## Data provided

<<<<

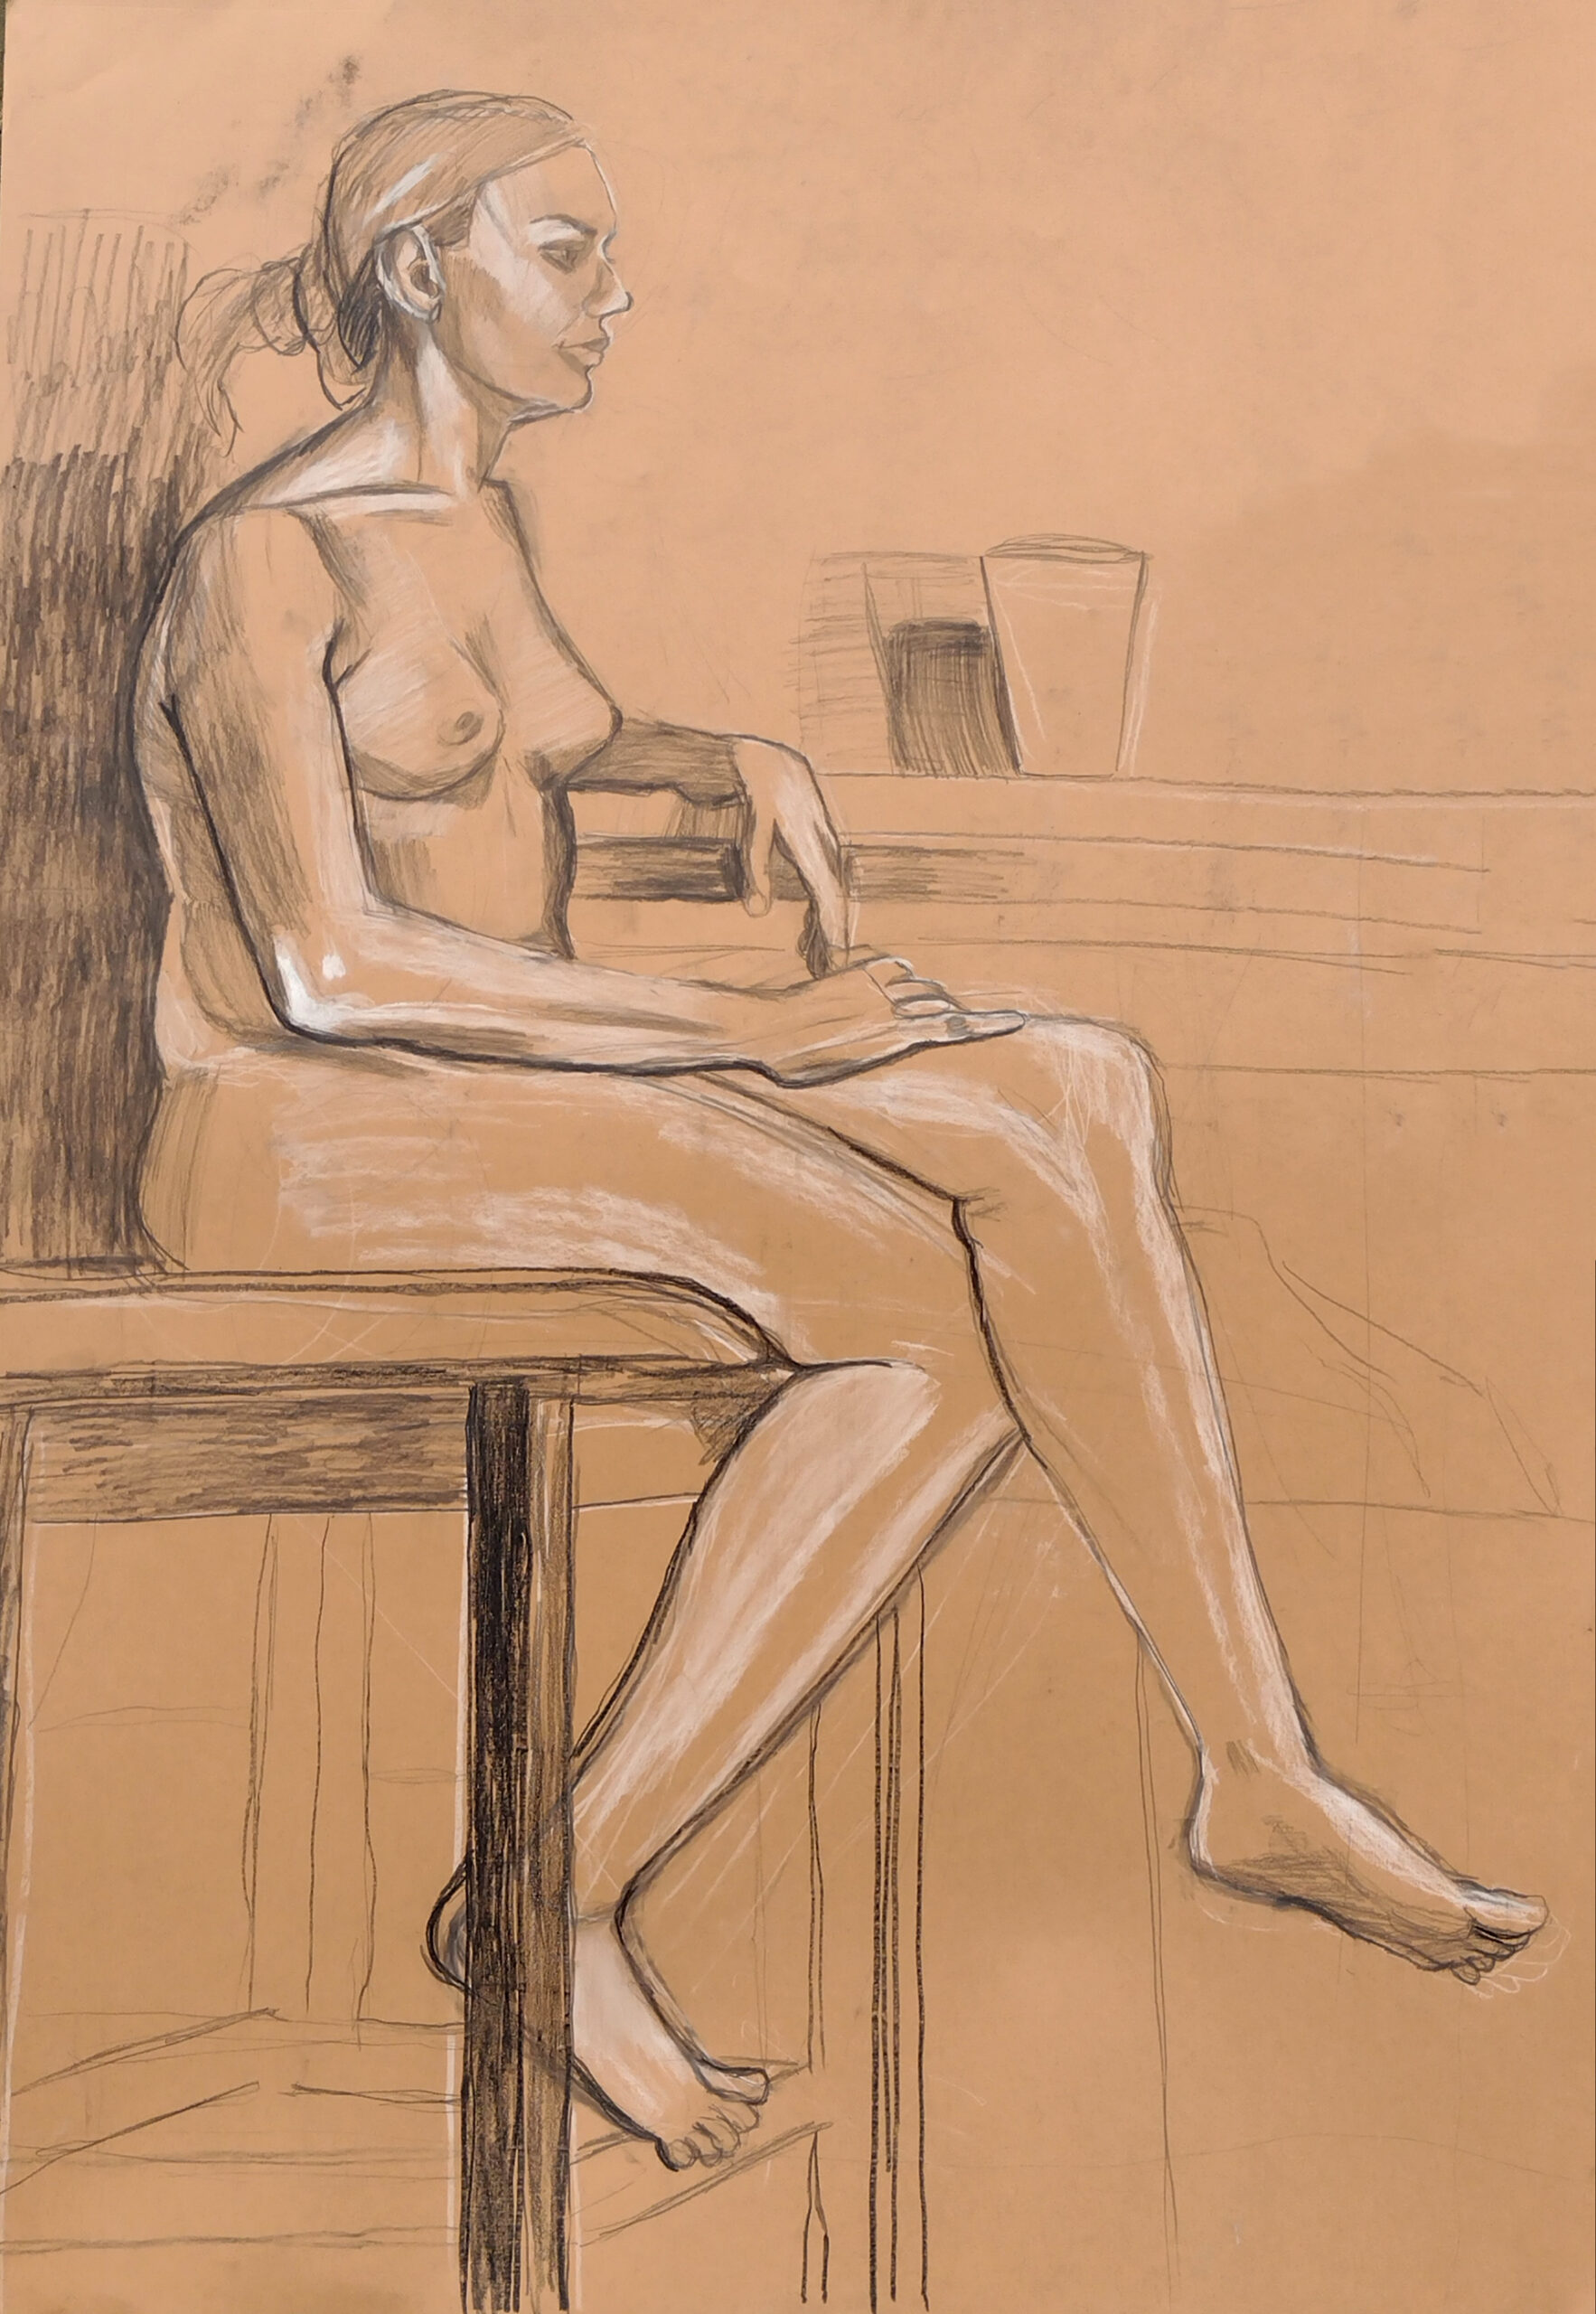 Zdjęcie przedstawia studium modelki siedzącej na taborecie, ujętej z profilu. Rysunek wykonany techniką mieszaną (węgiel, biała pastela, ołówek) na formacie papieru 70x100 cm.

>>>>
<<<<

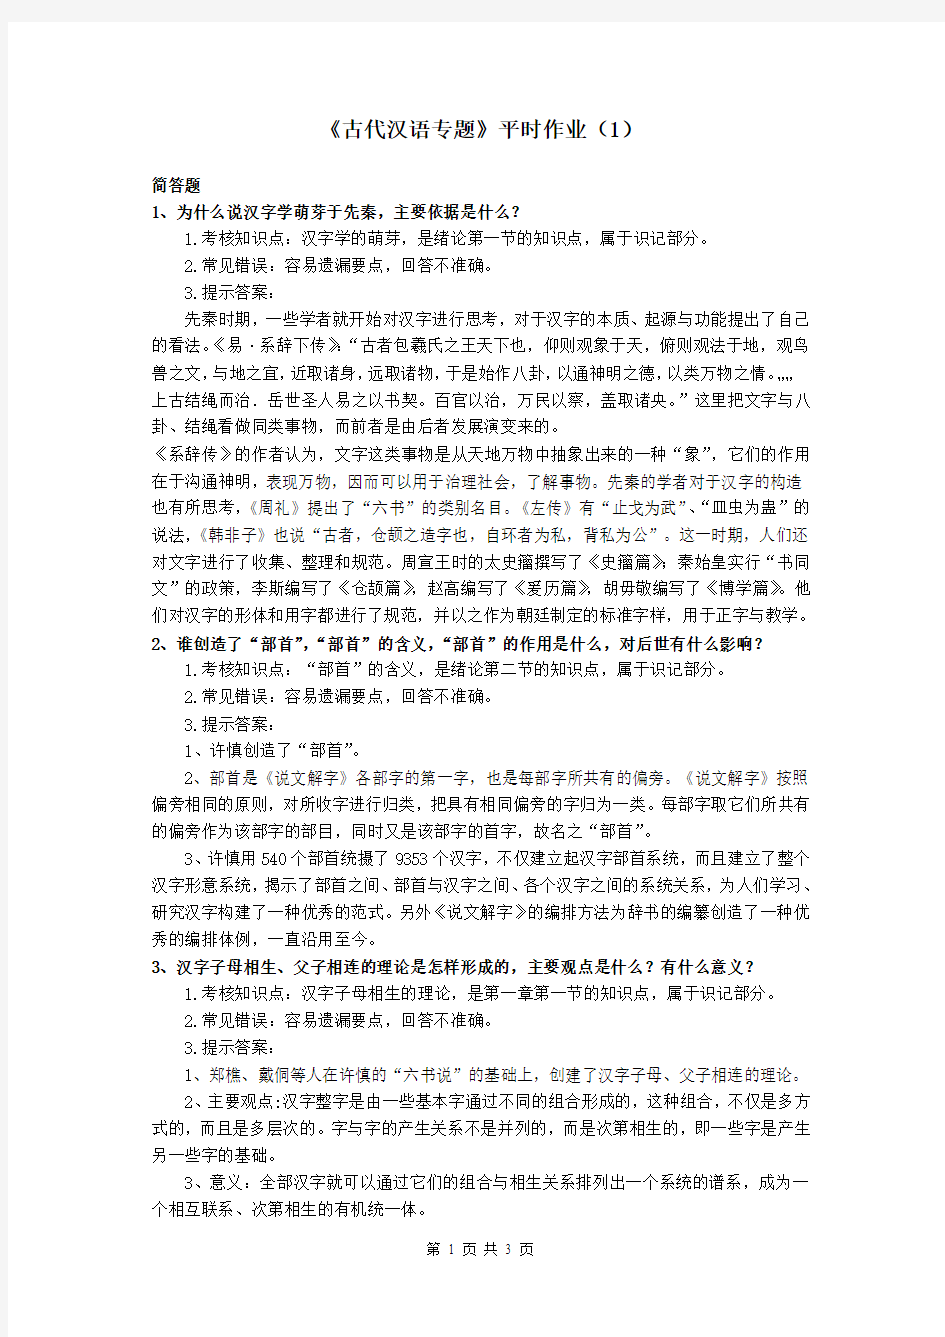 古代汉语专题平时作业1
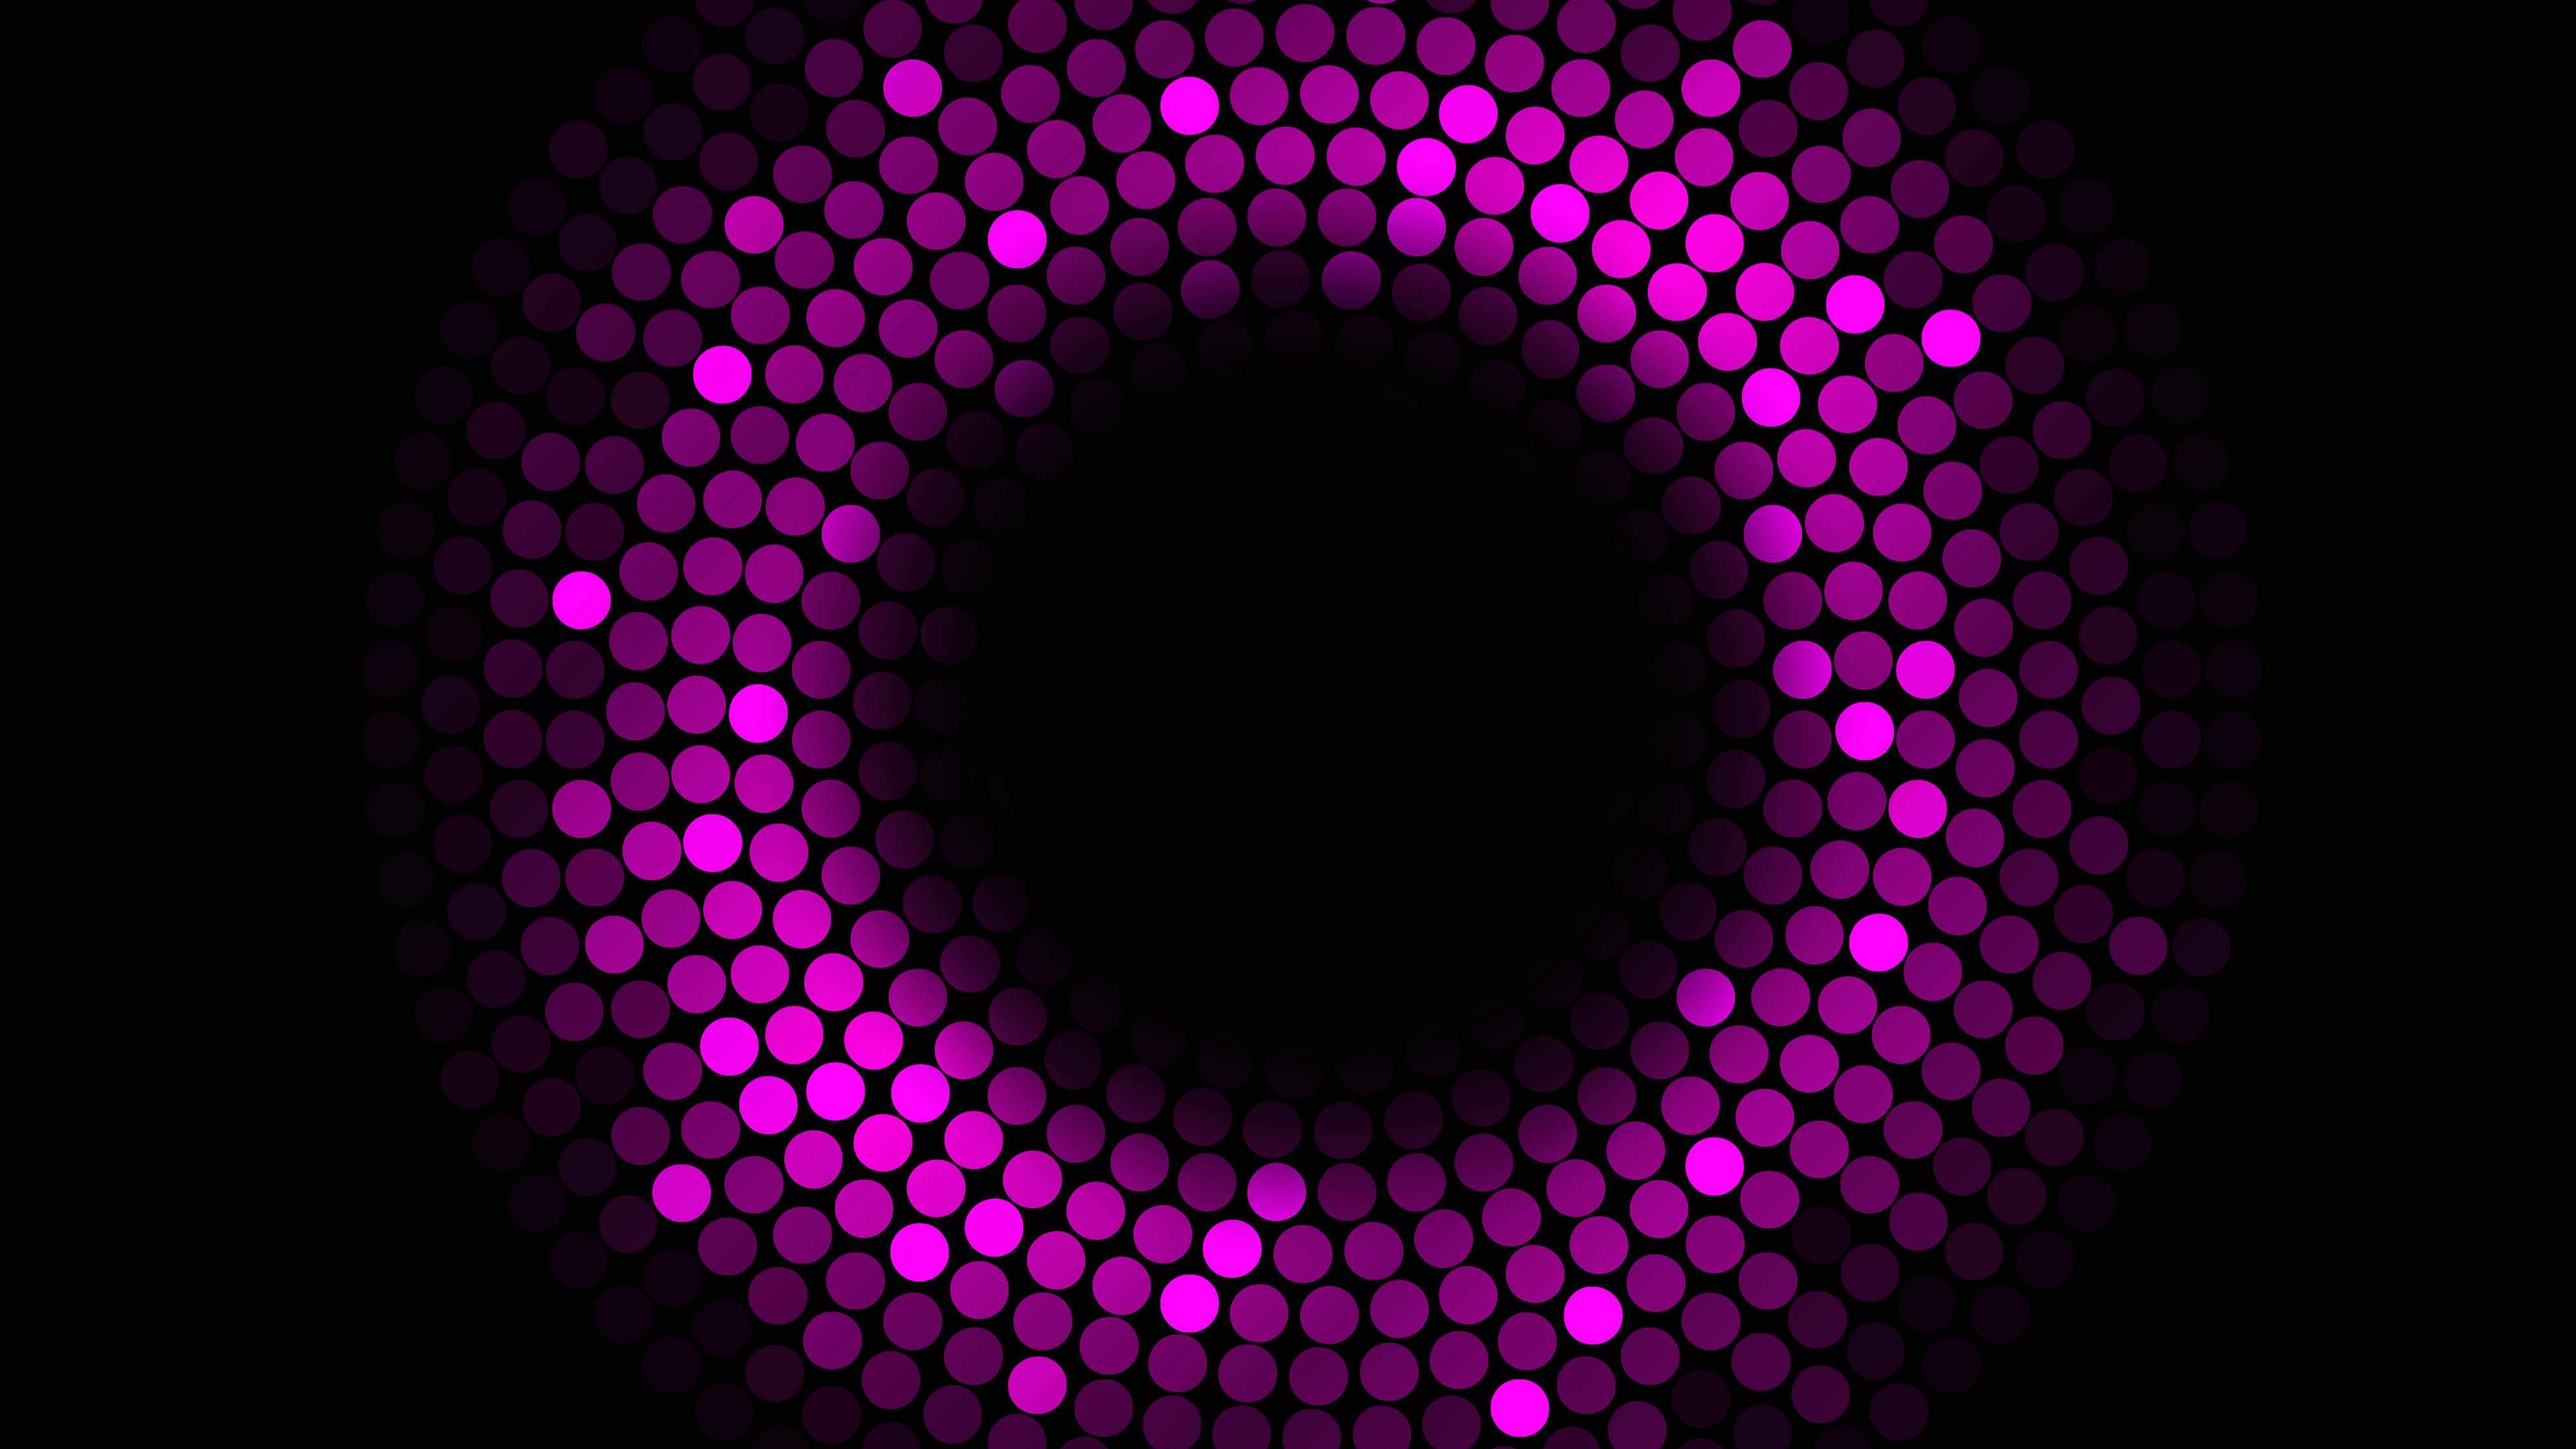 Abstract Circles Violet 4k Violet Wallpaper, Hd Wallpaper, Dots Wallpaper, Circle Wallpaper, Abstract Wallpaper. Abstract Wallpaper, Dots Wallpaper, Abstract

>>>>

## Work required
Using the listing above, restate exactly the range between the lines holding "古代汉语专题平时作业1" and "Abstract Circles Violet", inclusive, with pictures left out.

## Response
 古代汉语专题平时作业1
 Abstract Circles Violet 4k Violet Wallpaper, Hd Wallpaper, Dots Wallpaper, Circle Wallpaper, Abstract Wallpaper. Abstract Wallpaper, Dots Wallpaper, Abstract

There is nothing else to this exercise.